▶ _DESCRIPTION OF THE TASK_
When writing out the listing below, reproduce every word exactly and skip the pictures.

▶ _SOURCE DATA_

-=-=-=-=-

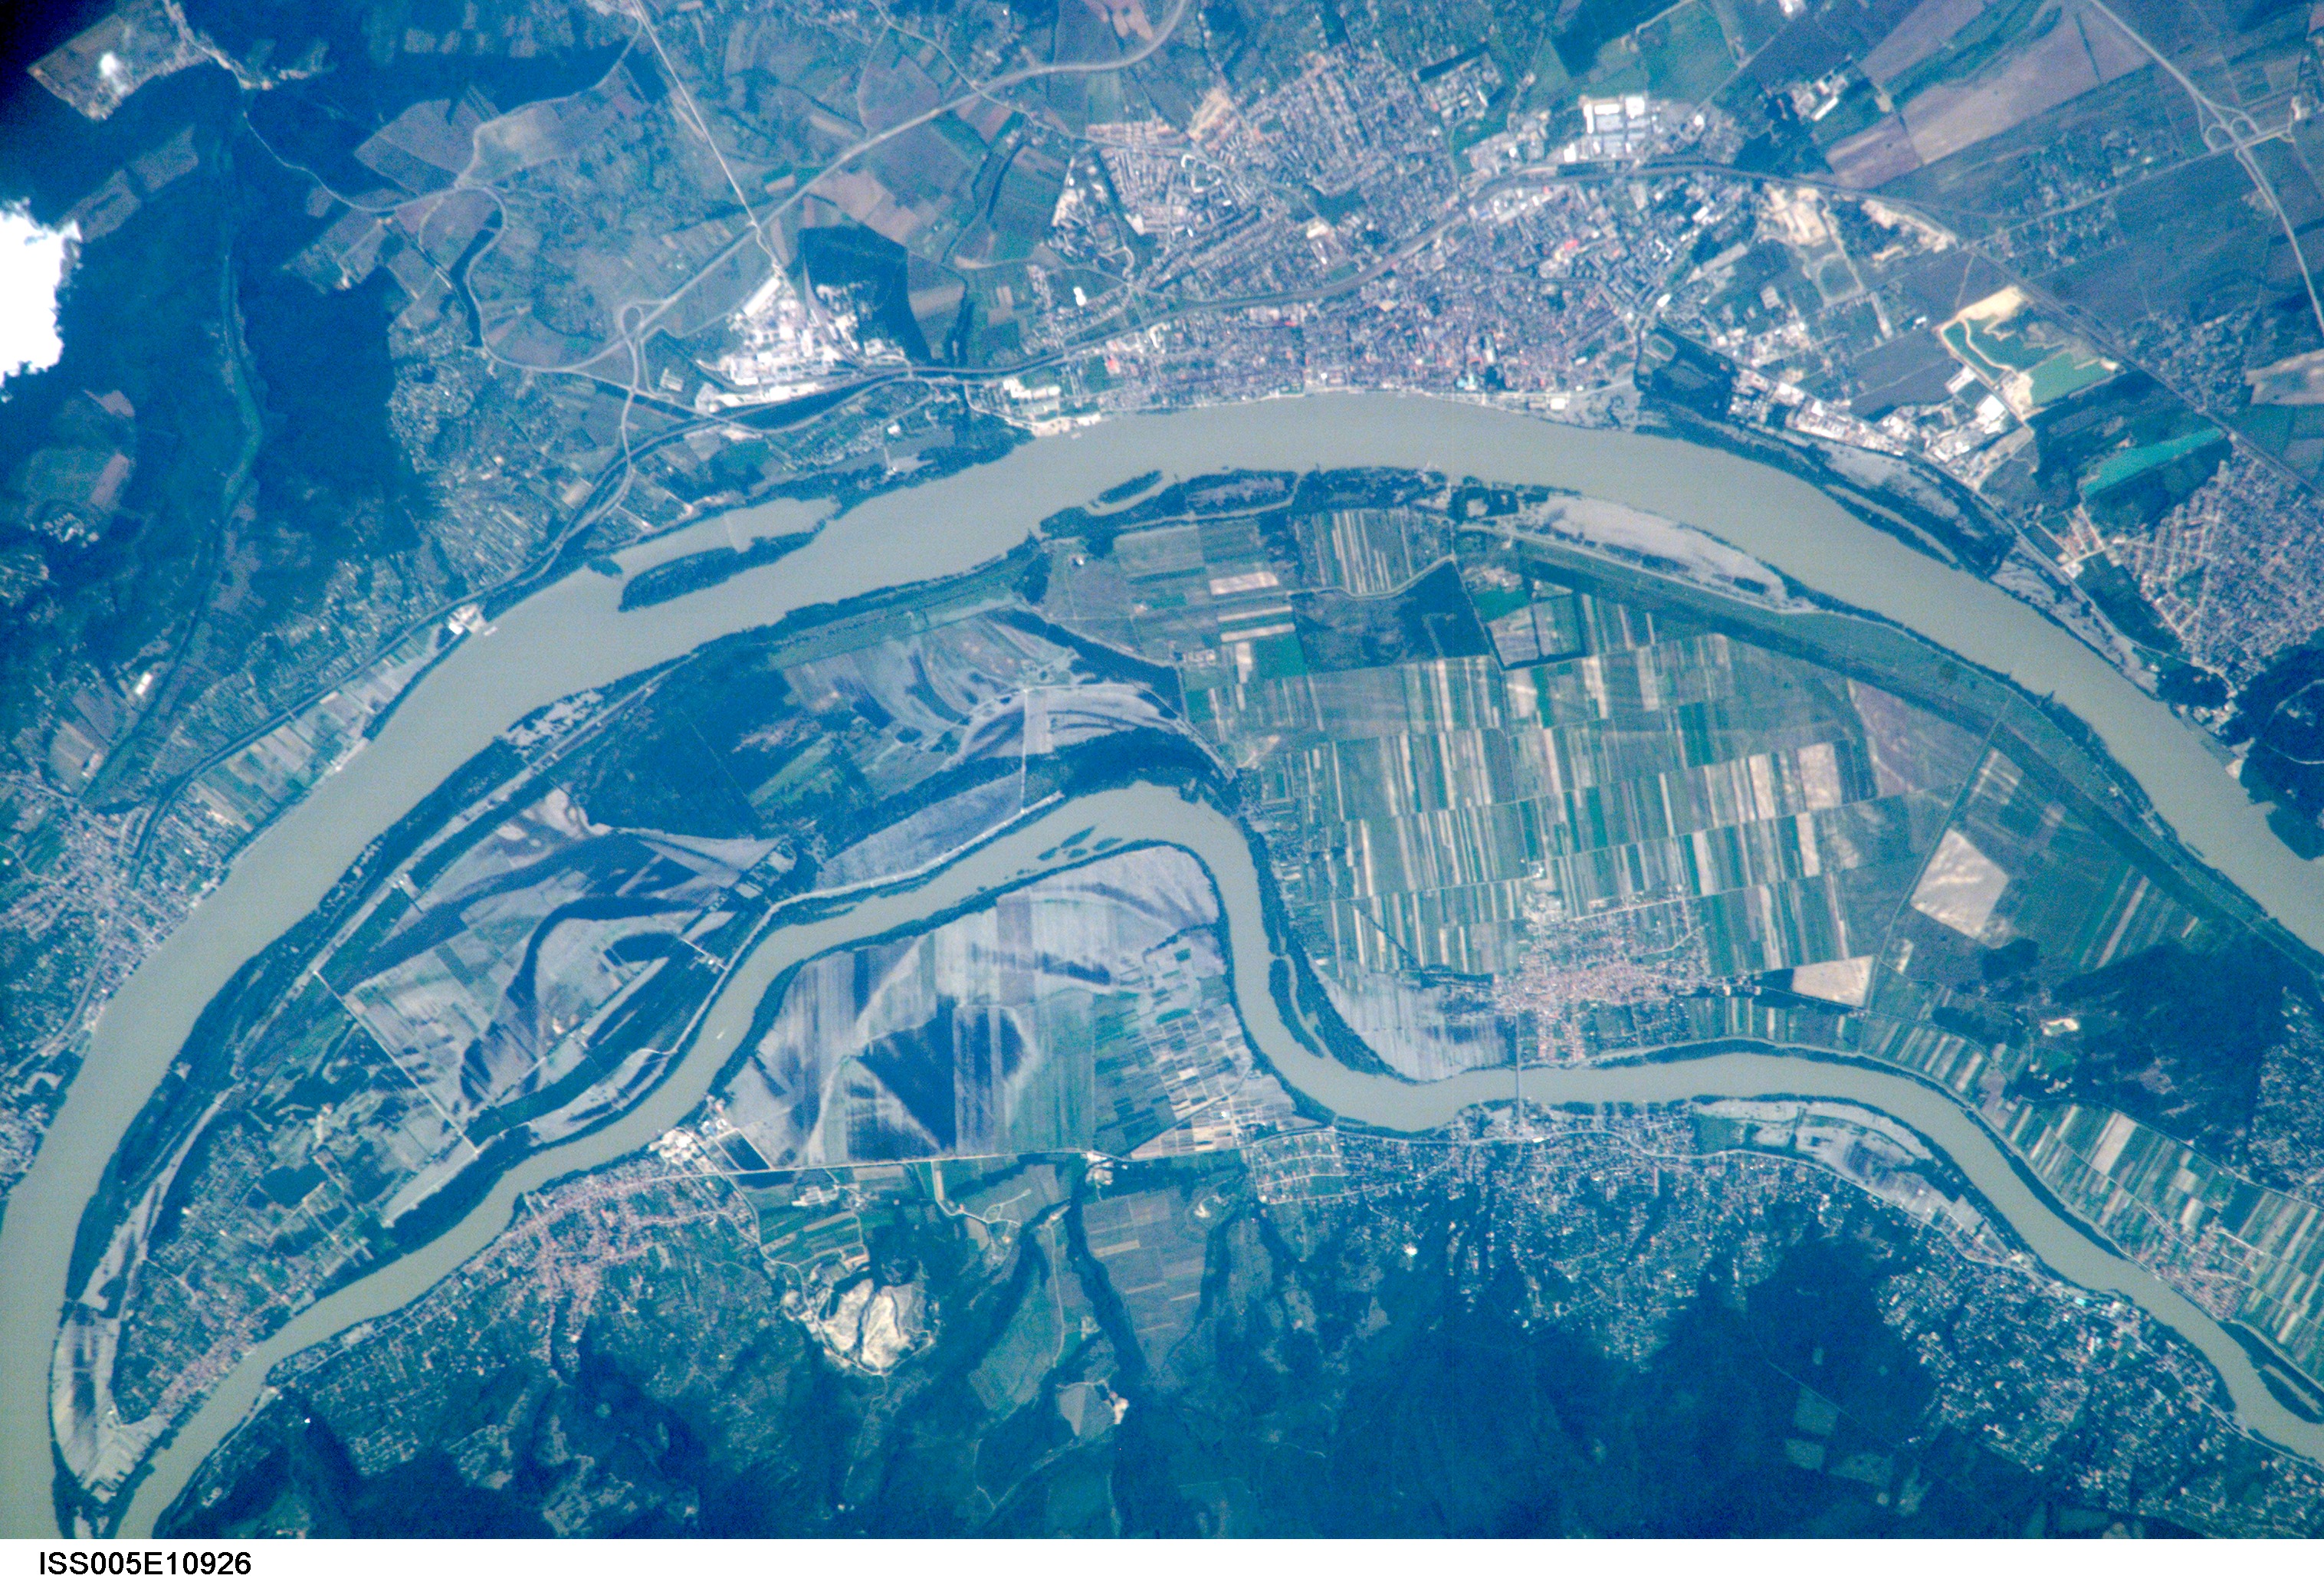 Danube River flooding near Vac, Hungary - related image preview
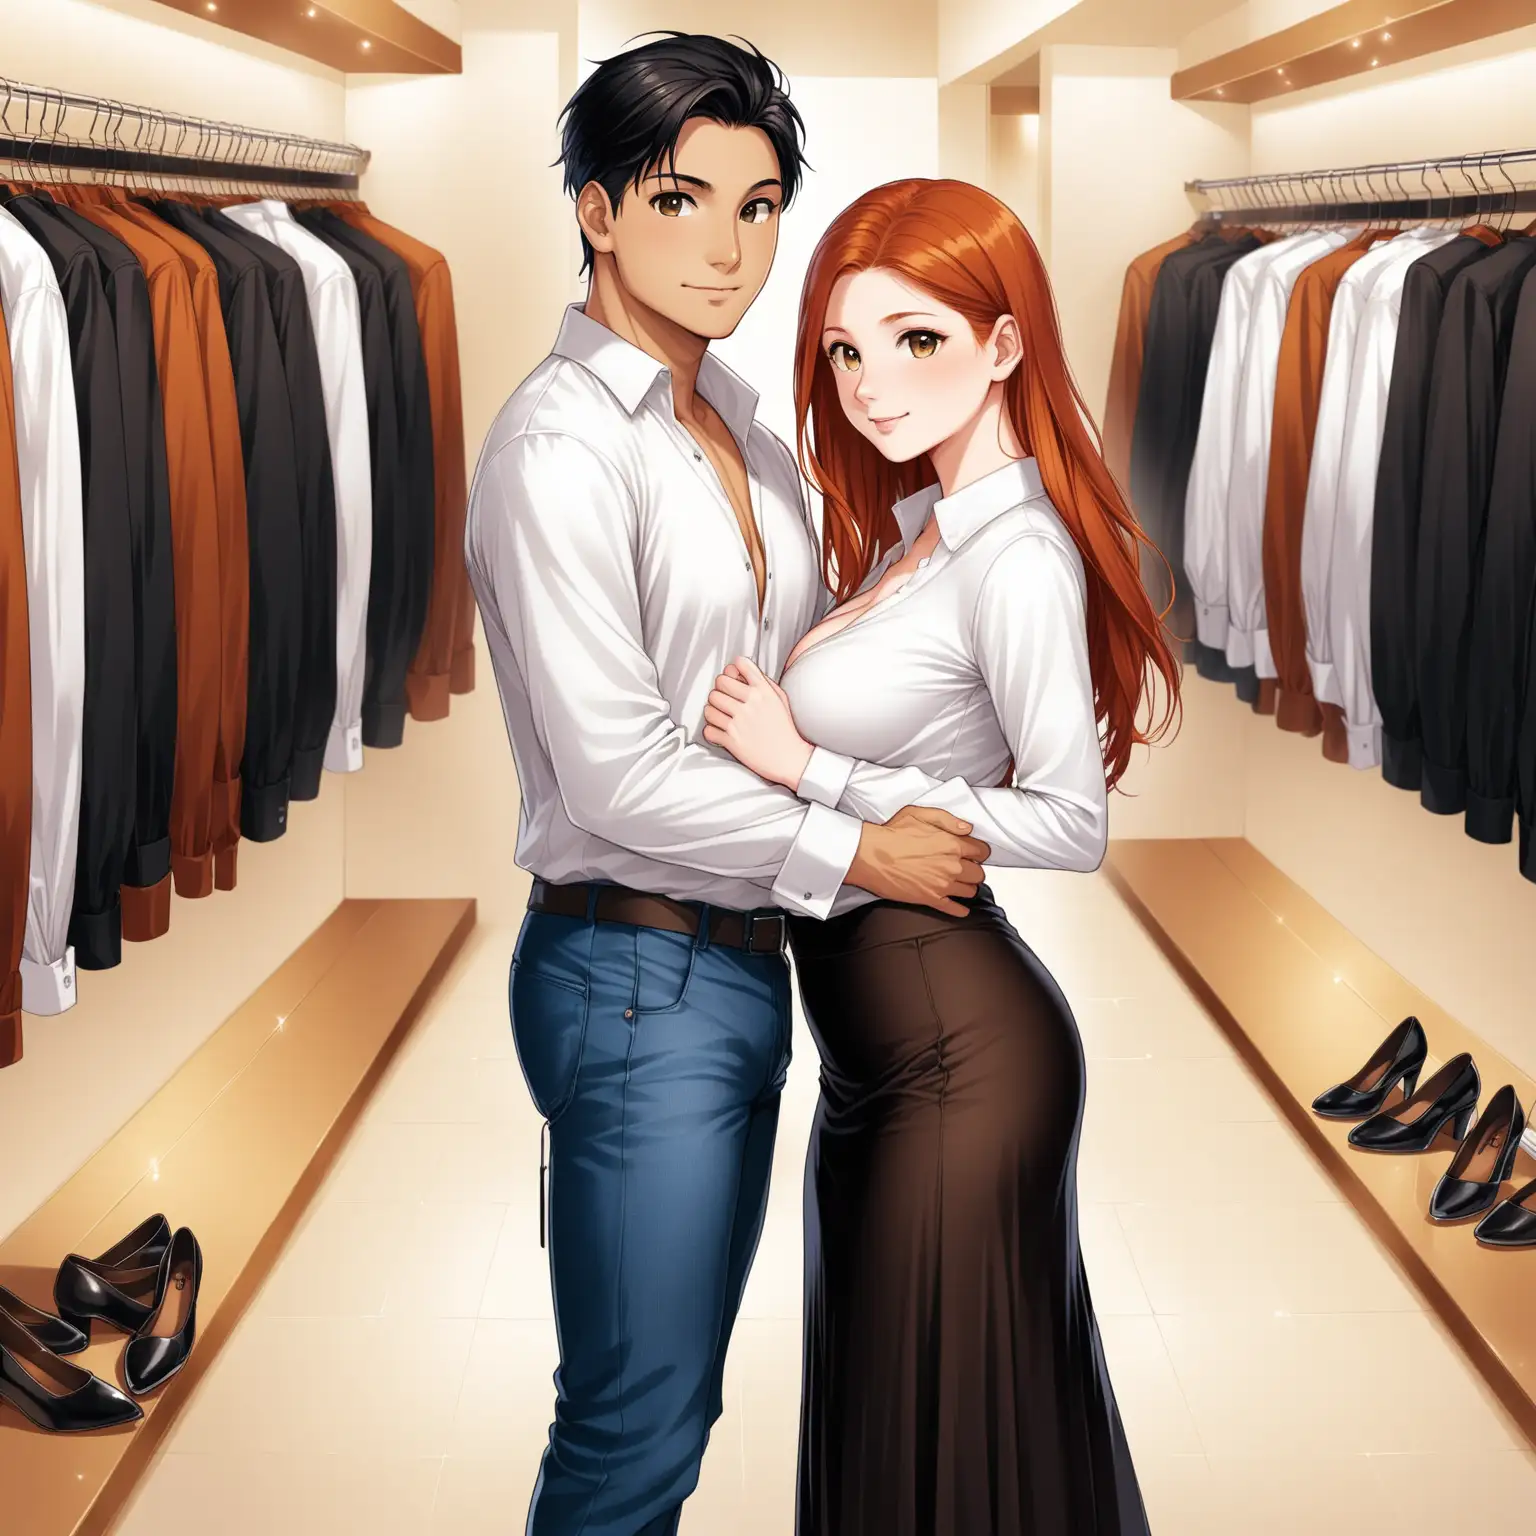 Affectionate Couple Shopping for Fashion Stylish Encounter in a Clothing Store
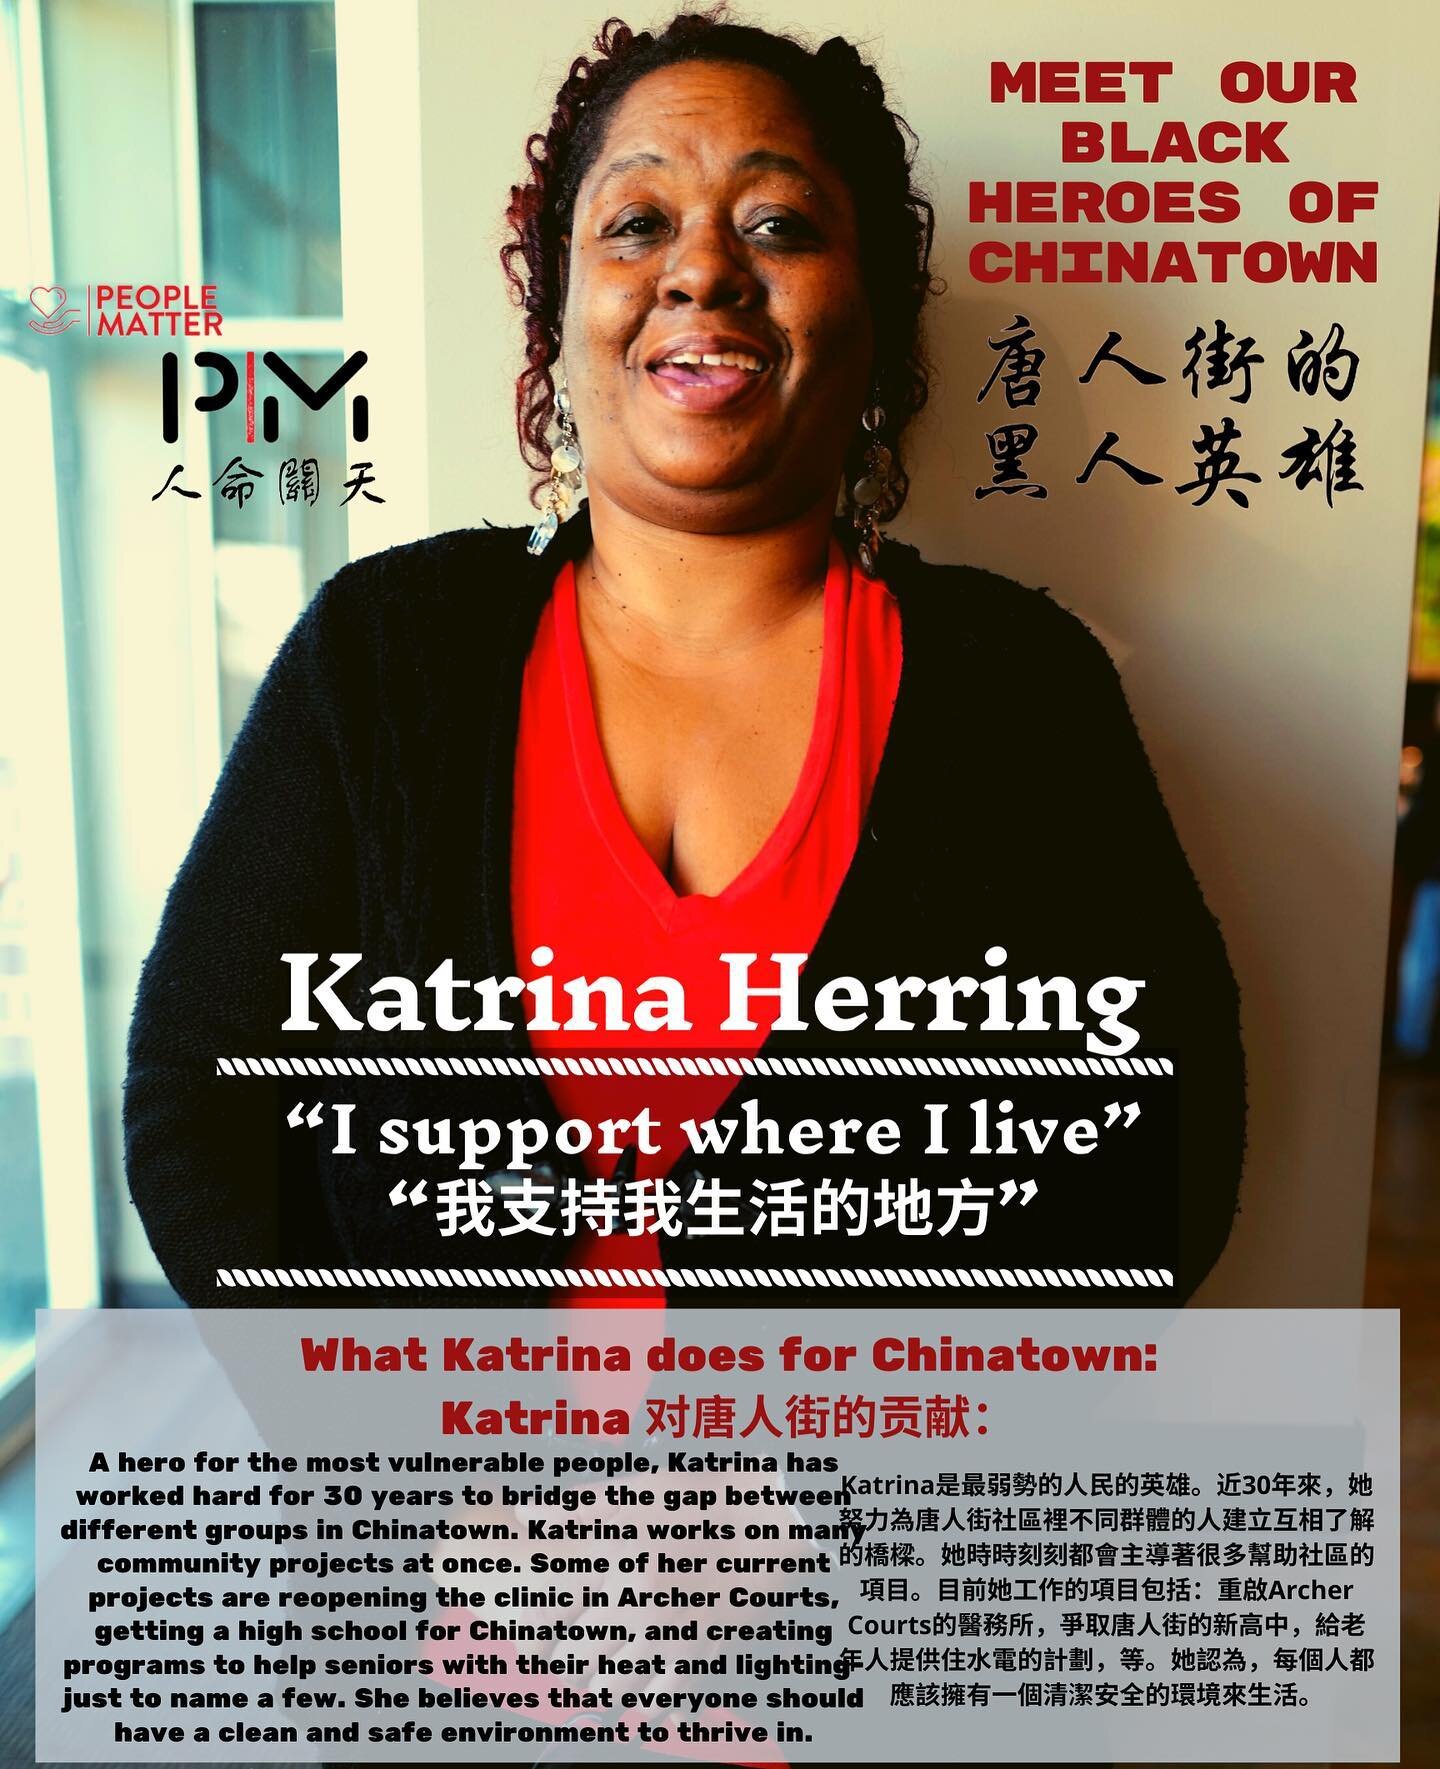 Nominate a Black hero! Tomorrow is the last day to nominate a black hero for Chinatown at https://tinyurl.com/nominateablackhero

We are coming back with our annual Celebration of Black Heroes of Chinatown in 2021! Every week until the deadline for n

-=-=-=-=-

▶ _TASK RESPONSE_
 Danube River flooding near Vac, Hungary - related image preview
 Affectionate Couple Shopping for Fashion Stylish Encounter in a Clothing Store
 Nominate a Black hero! Tomorrow is the last day to nominate a black hero for Chinatown at https://tinyurl.com/nominateablackhero

We are coming back with our annual Celebration of Black Heroes of Chinatown in 2021! Every week until the deadline for n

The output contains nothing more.